Ryan Lizza reports on an unusual boo-boo in Hillary Clinton's last Iowa event. Apparently, the venue was a little unfortunate -- a museum with a display of extinct mammoths. Lizza writes:
The skeleton of one of the beasts loomed ominously a few yards from the Clintons, and the museum’s exhibit explained that the mammoths were witnesses to change because they “watched as their world disappeared and their dominance was usurped.” The Clinton nostalgia tour plays better in New Hampshire, so it’s premature to declare the collapse of the Clintoncene epoch.
Clinton's Iowa campaign seemed less relevant to the Iowa scene than her competitors'. Too many of the organizers were clearly from Washington and other points non-Iowan. During one caucus in Brookview, the Clinton supporters were shepherded by a volunteer -- Karen Brooks -- who, unfortunately, came right out of D.C. where she is "a Washington consultant to multinational corporations operating in Asia. Her last vaguely political post was director of Asia affairs for the National Security Council." She worked hard against lousy odds.
The Obama group kept growing, and his supporters soon ran out of chairs. The Clinton people sat quietly—they had plenty of seats—and watched as Brooks worked the room. When I asked Brooks how things were going, she pointed across the gym, sighed, and said, “It’s hard. Look at that.” She said that her campaign had projected that eighty-seven people would show up in the precinct; [caucus chairman] Riordan announced that the total was three times as many, at two hundred and sixty-three. After some horse-trading, the final tally was a hundred and fifty-five for Obama, sixty-three for Edwards, and forty-five for Clinton. The pattern was repeated across the state.

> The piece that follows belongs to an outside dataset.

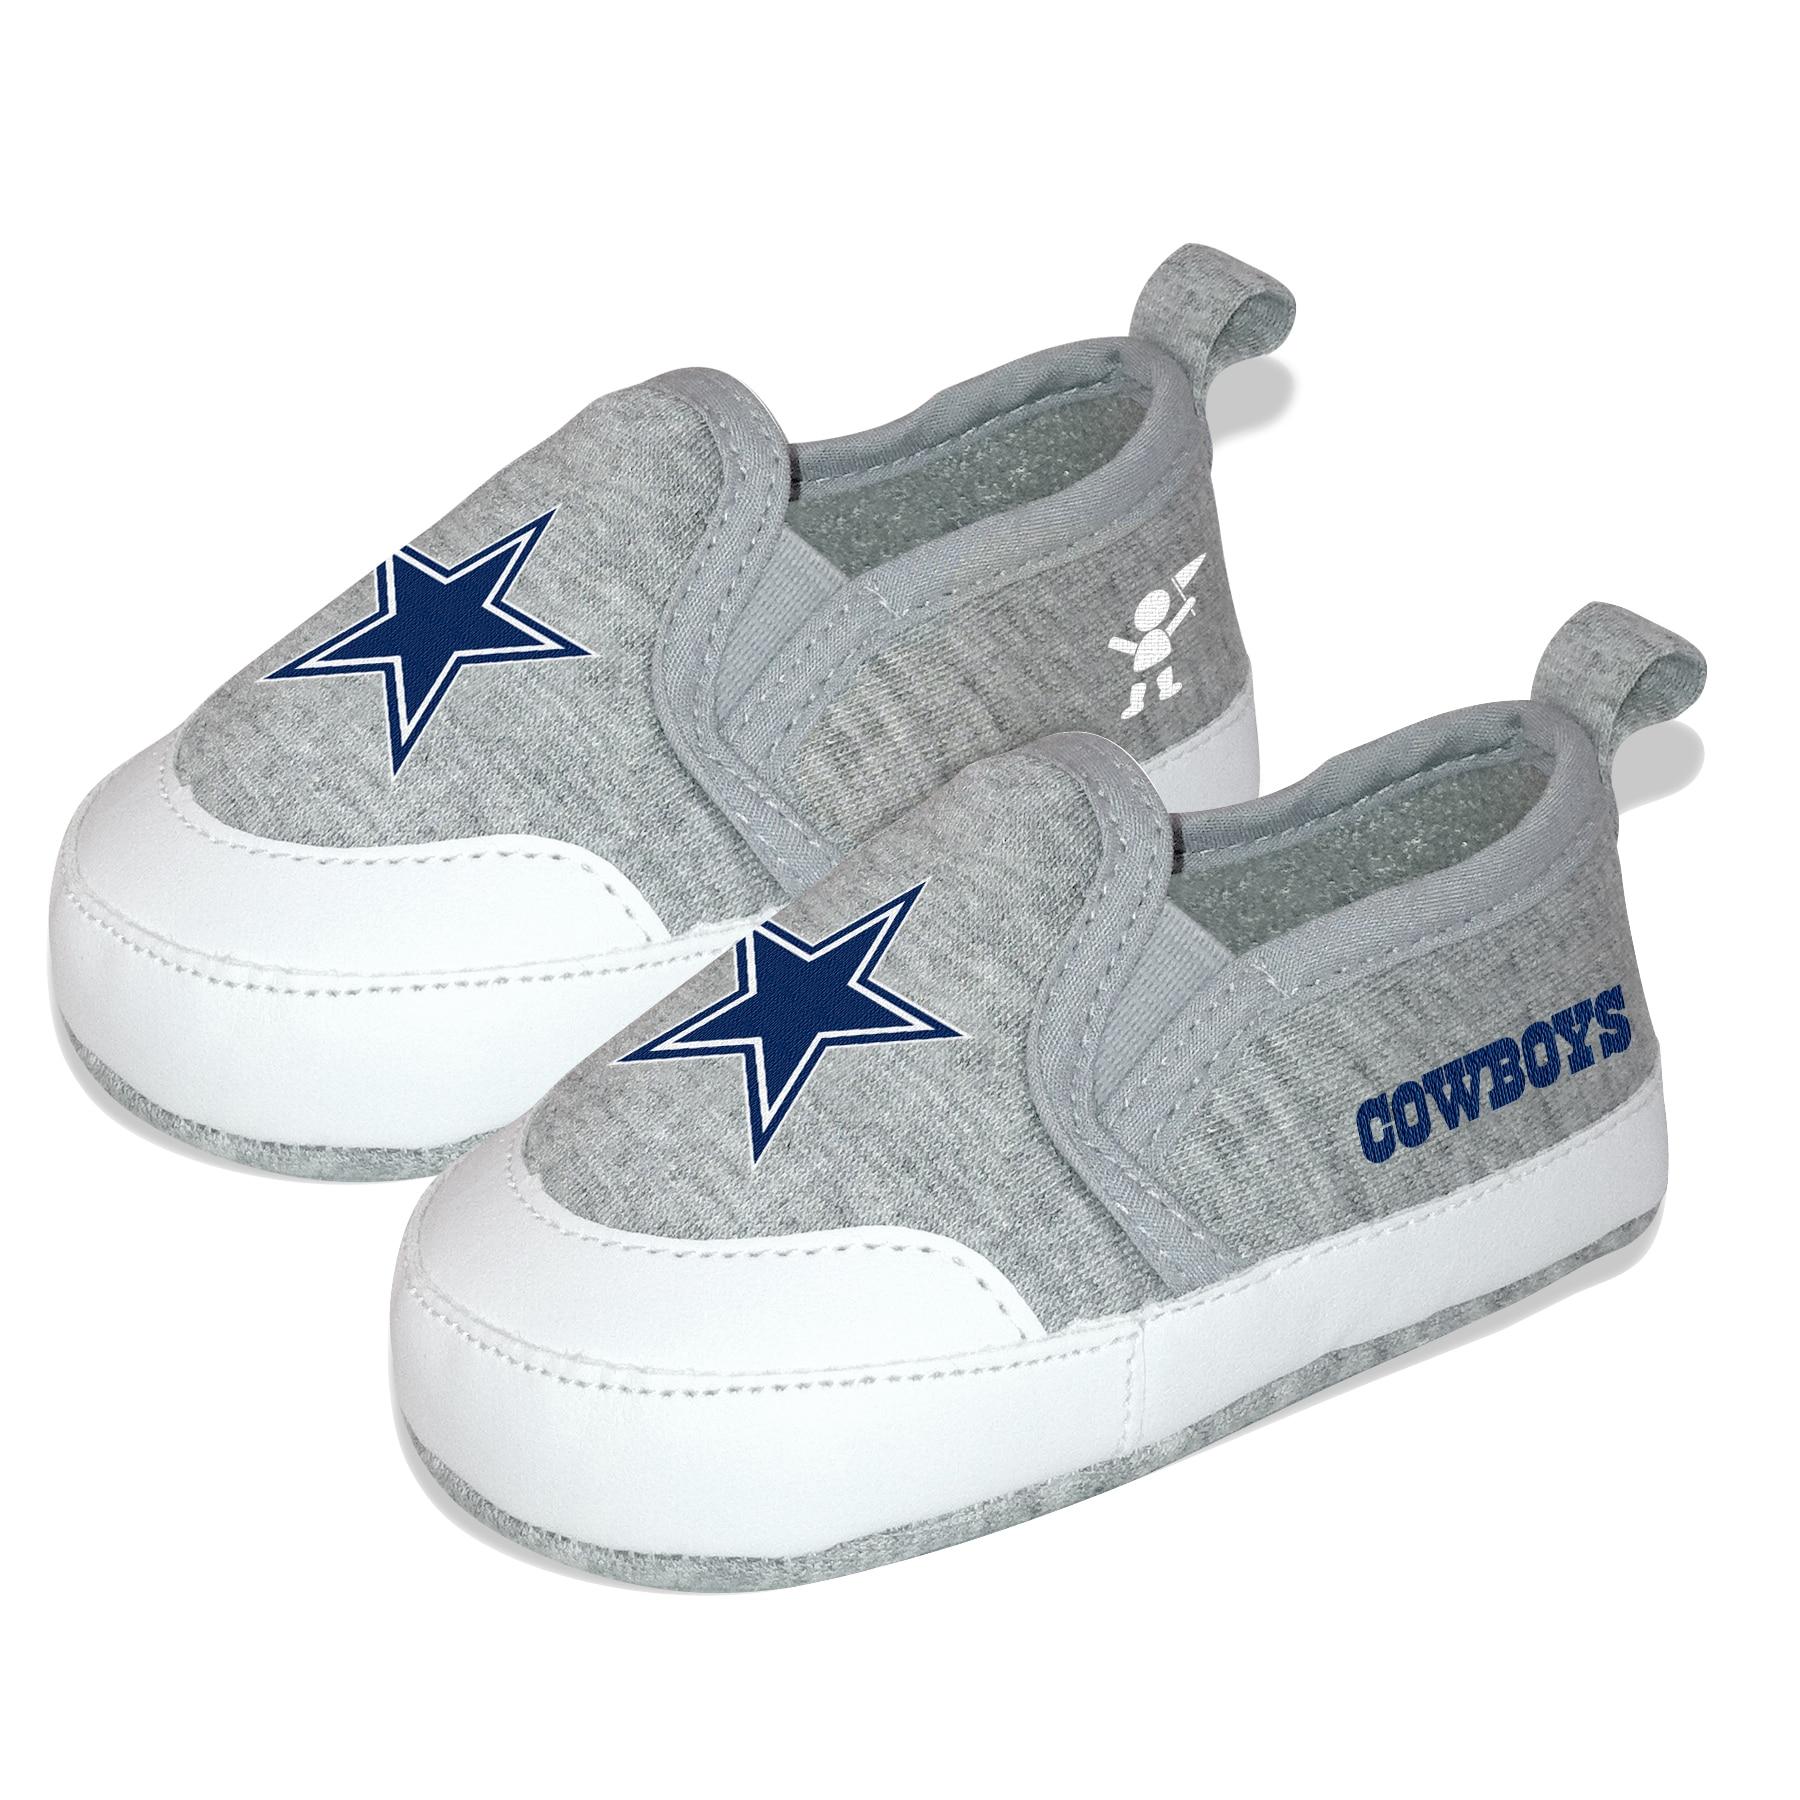 Dallas Cowboys Pre-walk Baby Shoes

It's tough for people who have gotten used to leadership to absorb the reality that their big time in center stage is over. That's what we may be watching as the Clinton's scramble to hold their ground. If they let go, how they let go will say a lot about them. Certainly Hillary Clinton's speech on caucus night in Iowa in which she conceded to Obama was gallant and admirable. If that genuinely reflects how she operates in the political scrum, she'll do just fine.